Tomy mengaku bersyukur kegiatan pembelajaran tatap muka belum kembali digelar.

Pemerintah Provinsi Lampung sebelumnya memperpanjang pelaksanaan pembelajaran jarak jauh atau PJJ hingga Kamis (10/9/2026), menyusul aktivitas erupsi Gunung Anak Krakatau dan sebaran abu vulkanik.

"Untungnya hari ini sekolah masih online, jadi kita enggak terlalu khawatir ke anak-anak. Kalau begini terus rasanya mau keluar rumah malas. Ya, semoga cepat reda abunya," pintanya.

Warga Keluhkan Abu Makin Terasa

Hal serupa juga dirasakan Very Novianto, warga Kemiling, Bandar Lampung. Diaa mengaku sejak pagi sudah merasakan abu vulkanik yang kembali menebal ketika menginjak teras rumahnya.

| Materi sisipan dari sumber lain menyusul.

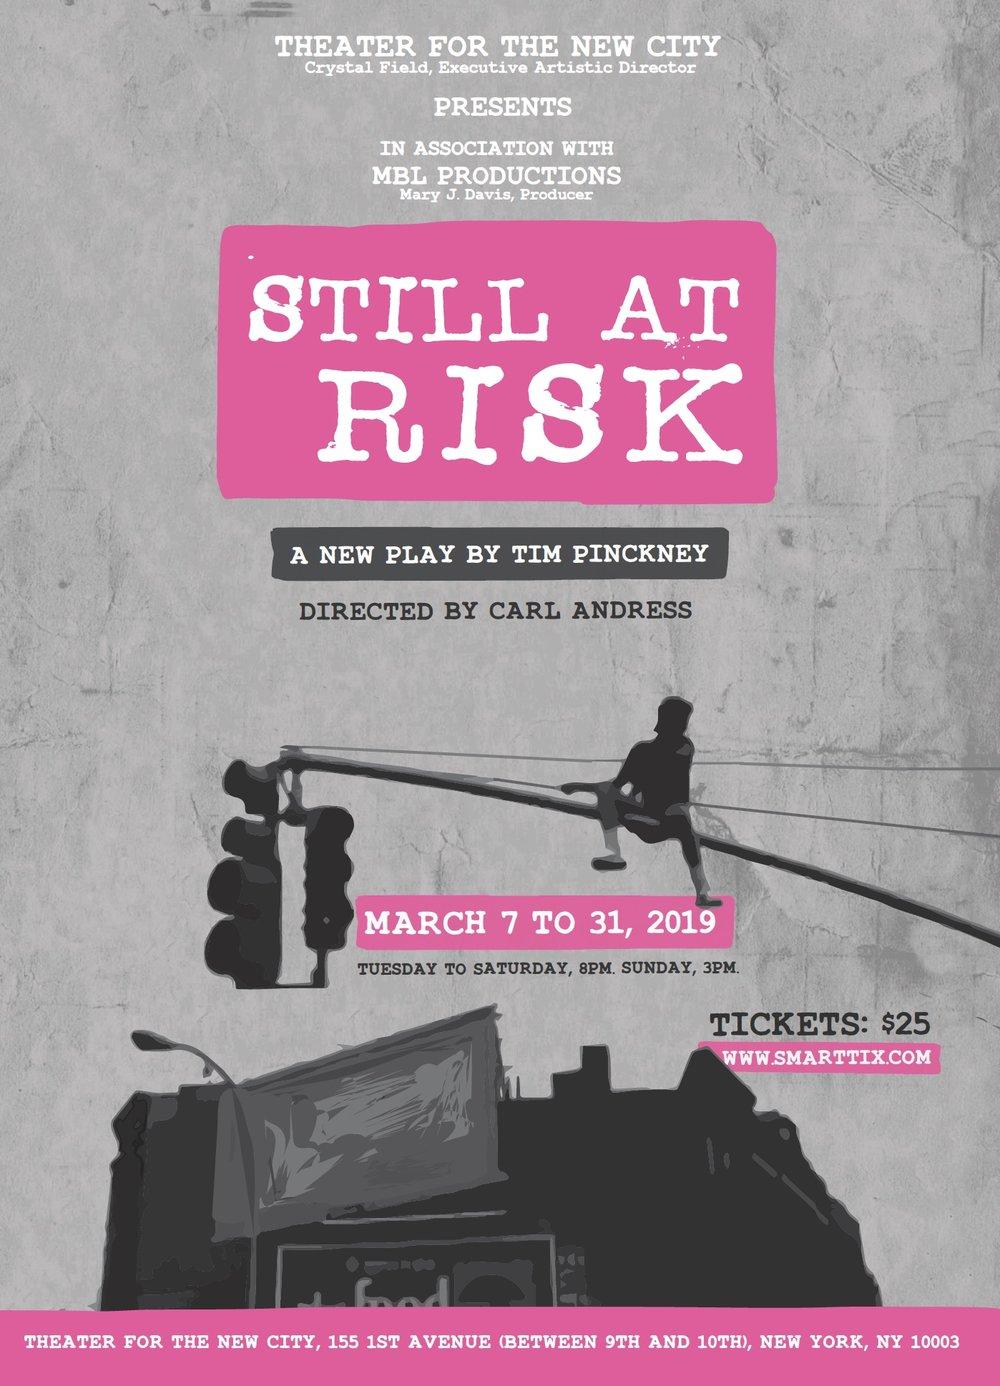 Still-At-Risk-Poster2.0.jpg

"Agak sedih, kok debunya mulai tebal lagi. Tadi pagi-pagi bangun tidur, di luar debunya terasa banget waktu menginjak teras rumah," ujar Very.

Very menuutkan, angin juga sempat bertiup cukup kencang pada Selasa malam. Kondisi tersebut membuat warga memilih membatasi perjalanan dan tidak keluar rumah jika tidak memiliki keperluan mendesak.

"Kami enggak berani keluar rumah jauh-jauh kalau enggak penting banget. Mesti pakai masker dan kacamata. Tadi malam duduk di luar, ada tetangga yang matanya terasa pedih," katanya.

Dia menilai kondisi cuaca dan sebaran abu pada Rabu berbeda dibandingkan Selasa. Langit bahkan sempat terlihat lebih gelap seperti mendung.

"Iya, hari ini dan semalam memang beda dari hari kemarin. Tadi langit juga agak gelap, seperti mendung. Semoga saja ada hujan, biar debunya cepat hilang," jelasnya.

Anak Krakatau Erupsi, Warga Diminta Waspada

Aktivitas Gunung Anak Krakatau hingga Rabu pagi masih menunjukkan adanya erupsi. Berdasarkan laporan pemantauan, erupsi terjadi pada pukul 00.47 WIB dengan amplitudo maksimum 51 milimeter dan berlangsung selama 28 detik.

Letusan tersebut tidak terlihat secara visual karena kawasan gunung tertutup kabut. Dalam periode yang sama, petugas juga merekam satu kali gempa frekuensi rendah, satu gempa hybrid atau fase banyak, serta tremor menerus dengan amplitudo 2-7 milimeter.

Kepala Pos Pemantauan Gunung Anak Krakatau di Desa Hargo Pancuran, Suwarno, mengatakan kondisi visual gunung dari pos pemantauan masih terkendala kabut tebal.

Selain itu, pemantauan aktivitas gunung melalui CCTV di Hargo Pancuran dan Sertung hingga kini masih belum dapat dilakukan karena perangkat belum berfungsi.

"Kalau dari sini tidak terlihat letusannya karena selalu tertutup kabut," kata Suwarno.

Ia mengingatkan masyarakat untuk tetap meningkatkan kewaspadaan, khususnya saat harus beraktivitas di luar ruangan. Warga juga diminta menggunakan masker dan pelindung mata untuk mengurangi dampak paparan abu vulkanik.

"Kalau aktivitasnya masih ada, masyarakat tetap harus waspada dan jangan mendekati kawasan gunung," ujarnya.

Suwarno juga meminta masyarakat tidak mudah mempercayai informasi yang belum jelas sumbernya dan selalu mengacu pada informasi resmi terkait aktivitas Gunung Anak Krakatau.

Saat ini, status Gunung Anak Krakatau masih berada pada Level III atau Siaga. Masyarakat maupun wisatawan direkomendasikan untuk tidak mendekati kawasan gunung dalam radius 3 kilometer dari kawah aktif.